It had been observed that V. anguillarum 531A can grow at higher concentrations of iron chelators when compared to V. anguillarum 775 due to higher production of anguibactin28,29. Since V. anguillarum 531A is a mix of two variants, 531Ac and 531Ad, it is possible that only one of them possesses the ability to grow at higher concentrations of iron chelators. The minimal inhibitory concentrations of EDDHA for both variants were 20 μM while the value for strain 775 was 10 μM. This result indicated that the presence or absence of an intact copy of the hmgA gene does not impact the iron proficiency of V. anguillarum in the experimental conditions.
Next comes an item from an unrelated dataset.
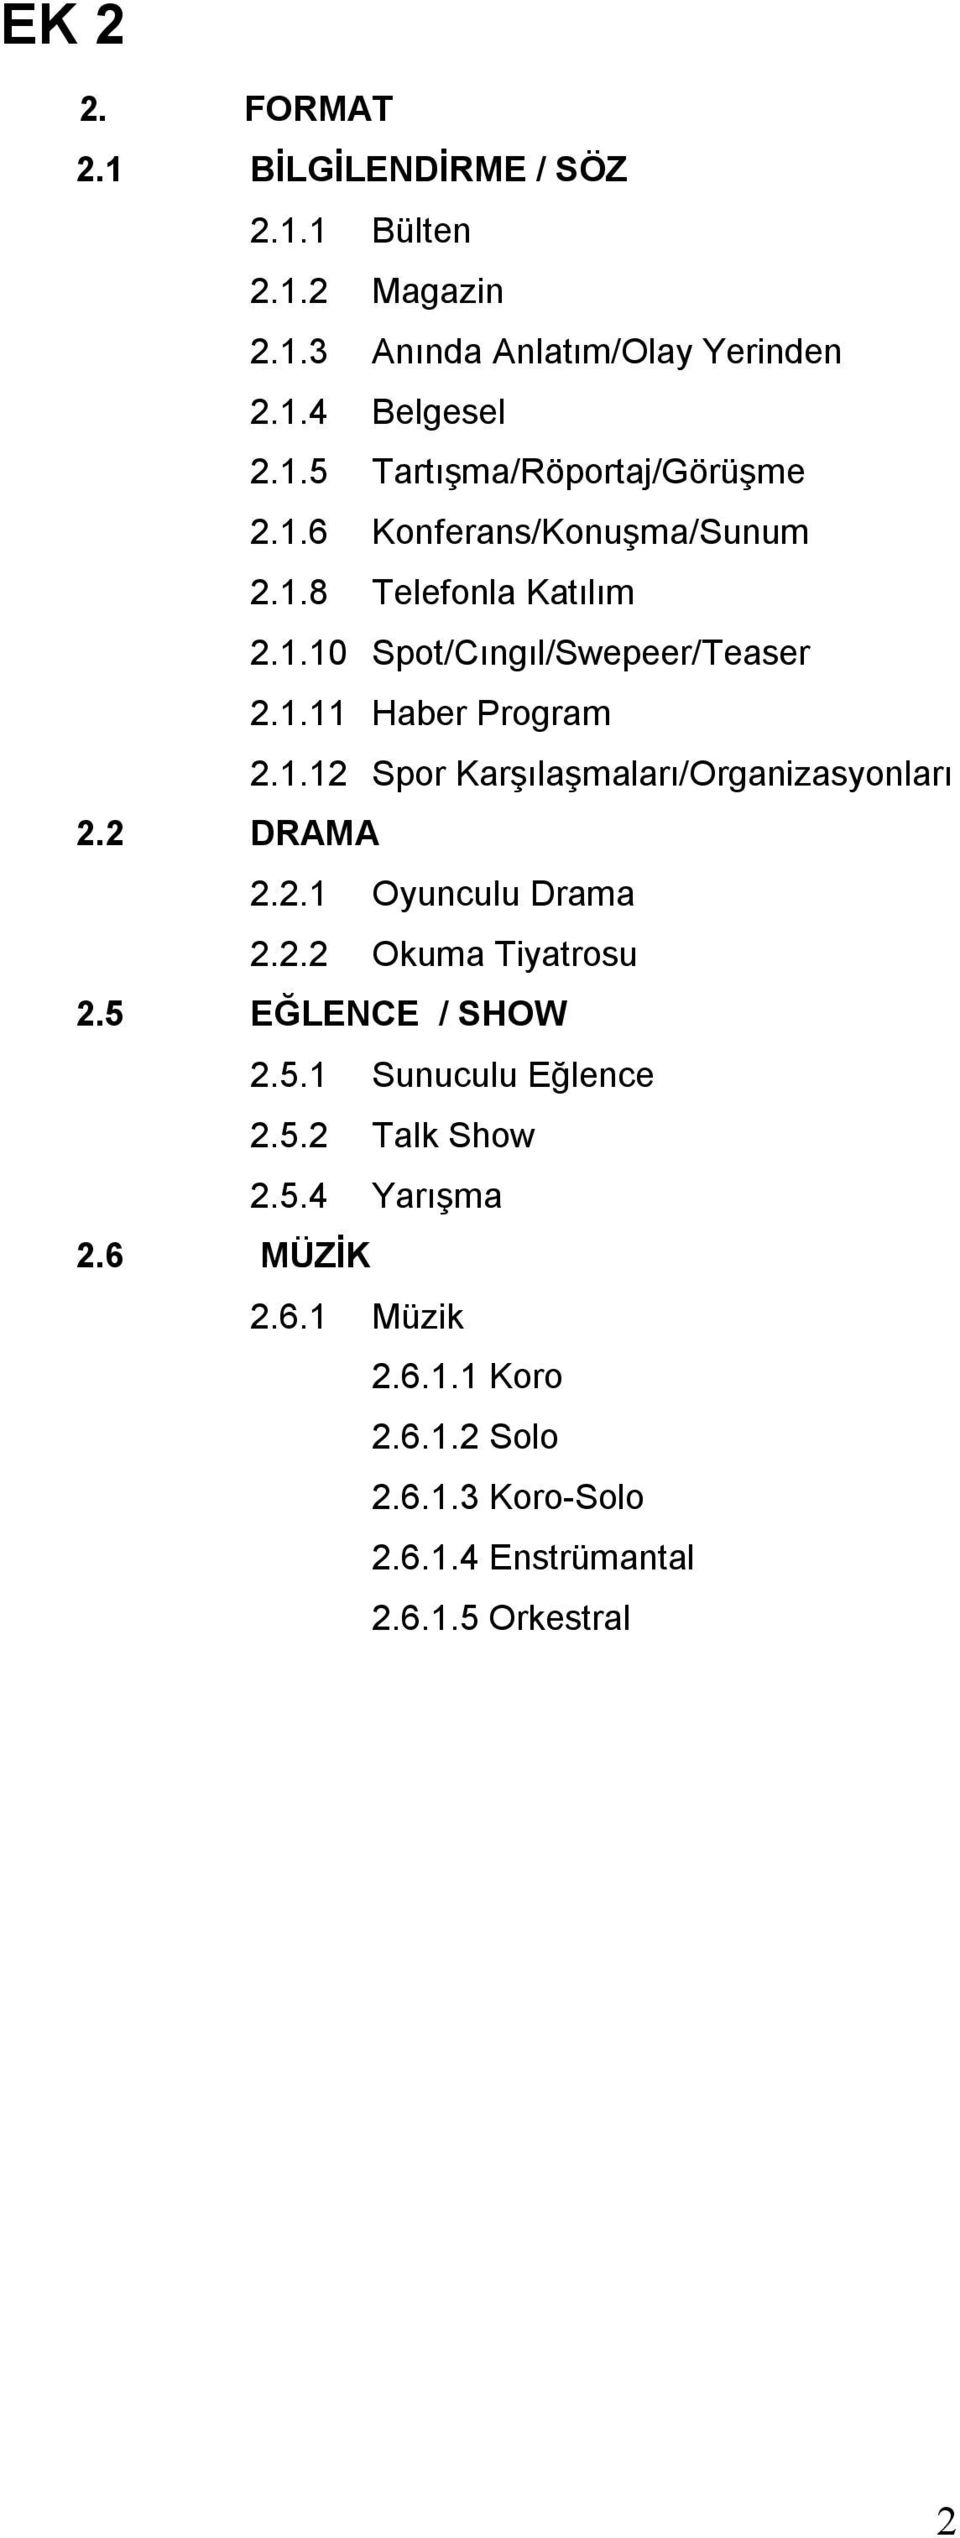 2 DRAMA 2.2.1 Oyunculu Drama 2.2.2 Okuma Tiyatrosu 2.5 EĞLENCE / SHOW 2.5.1 Sunuculu Eğlence 2.5.2 Talk Show 2.5.4 Yarışma 2.
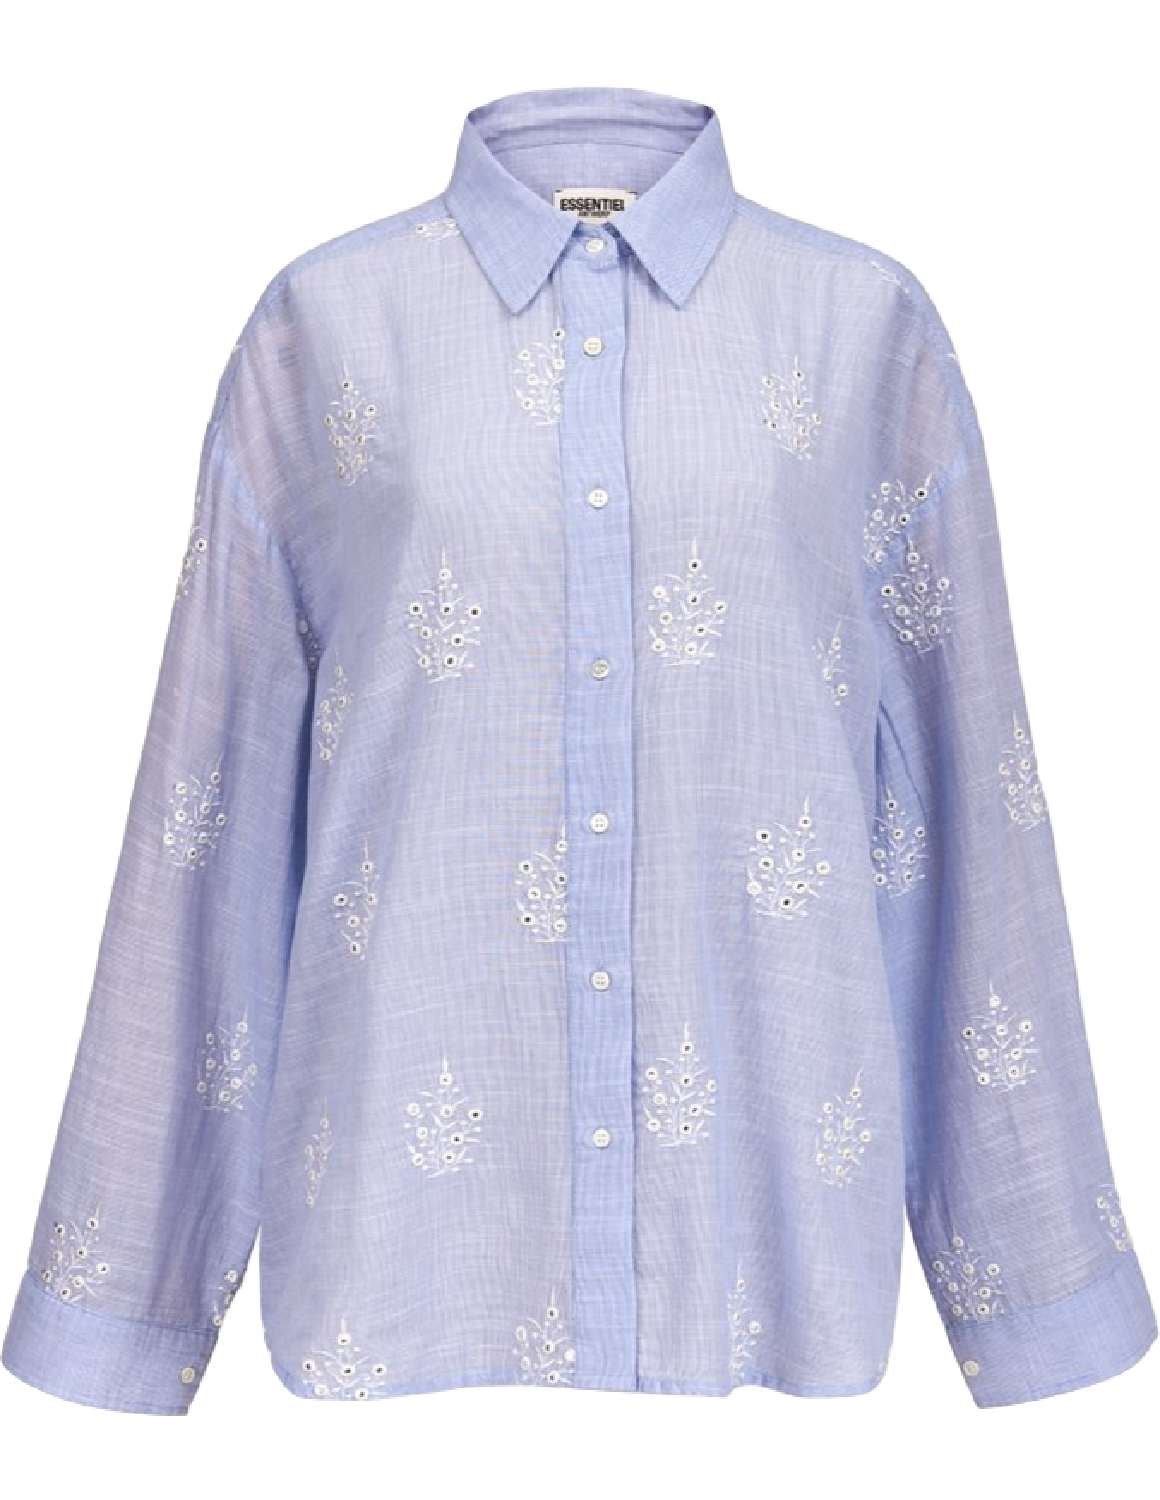 Essentiel Antwerp vuntuck embroidered cotton shirt - light blue

Coculturing assays were used to compare the fitness of strains 531Ad and 531Ac to determine if the ability to produce high amounts of pyomelanin in high quantities was advantageous when growing in TSBS culture medium. A 1:1 mixture of the strains was cultured, and the relative frequencies were determined every 20 generations. Up to 60 generations, the ratio 531Ad/531Ac was approximately 1 indicating that both strains were equally fit when growing in TSBS.
Since a recent report described a variant of the Aeromonas salmonicida 4-hydroxyphenylpyruvate dioxygenase that is thermolabile due to the amino acids S18, P103, and L119, which in thermostable variants are mostly T18, Q103, and P11937, we identified these important amino acids within the V. anguillarum version of the enzyme. A comparison of both sequences showed that except for a short stretch at the N-terminus, the amino acid sequences shared 76% identity and 85% similarity (Fig. 5). Furthermore, the amino acids at the key positions for thermolability in the V. anguillarum enzyme were T, Q, and P as it is the case of those that are thermostable (Fig. 5).
Discussion
The production of the ochronotic pigment pyomelanin has been reported in numerous organisms including humans, where the accumulation of homogentisate produces the syndrome known as ochronosis or alkaptonuria45,46. Numerous bacteria have been identified as producers of a pyomelanin-type pigment, which occurs through the metabolic pathway of tyrosine degradation. Homogentisate is produced by the action of 4-hydroxyphenylpyruvate dioxygenase on 4-hydroxyphenylpyruvic acid. When this metabolite accumulates, it undergoes oxidation and polymerization producing the brown pigment pyomelanin. This process has been identified as the cause behind the production of the pigment in several bacteria such as V. anguillarum33, V. cholerae38, A. salmonicida37, Legionella pneumophila31, Shewanella colwelliana32, Burkholderia cepacia35, B. cenocepacia36, Streptomyces avermitilis34, Ralstonia solanacearum30. Previous studies identified VanT and RpoS as positive regulators of pyomelanin production by enhancing expression of 4-hydroxyphenylpyruvate dioxygenase in V. anguillarum cultures entering stationary phase33,44. However, based on the published information33,44, these levels of pigment production must be much lower than those observed in strain 531Ad, in which the lack of homogentisate 1,2-dioxygenase activity leads to accumulation of the pyomelanin precursor and production of unusually high amounts of the pigment. The results obtained by searching the GenBank database indicating that all sequenced V. anguillarum strains show a complete hmgA gene confirms that the mechanism of production of pyomelanin in strain 531Ad is, to our best knowledge, exceptional among this species. A search for this characteristic, i.e., higher pigmentation, in other bacteria showed that a subset of Burkholderia cepacia strains includes a deficient hmgA gene. In this case, rather than the truncation, the variant of the hmgA gene codes for a protein that has an amino acid substitution that is detrimental for enzymatic activity35.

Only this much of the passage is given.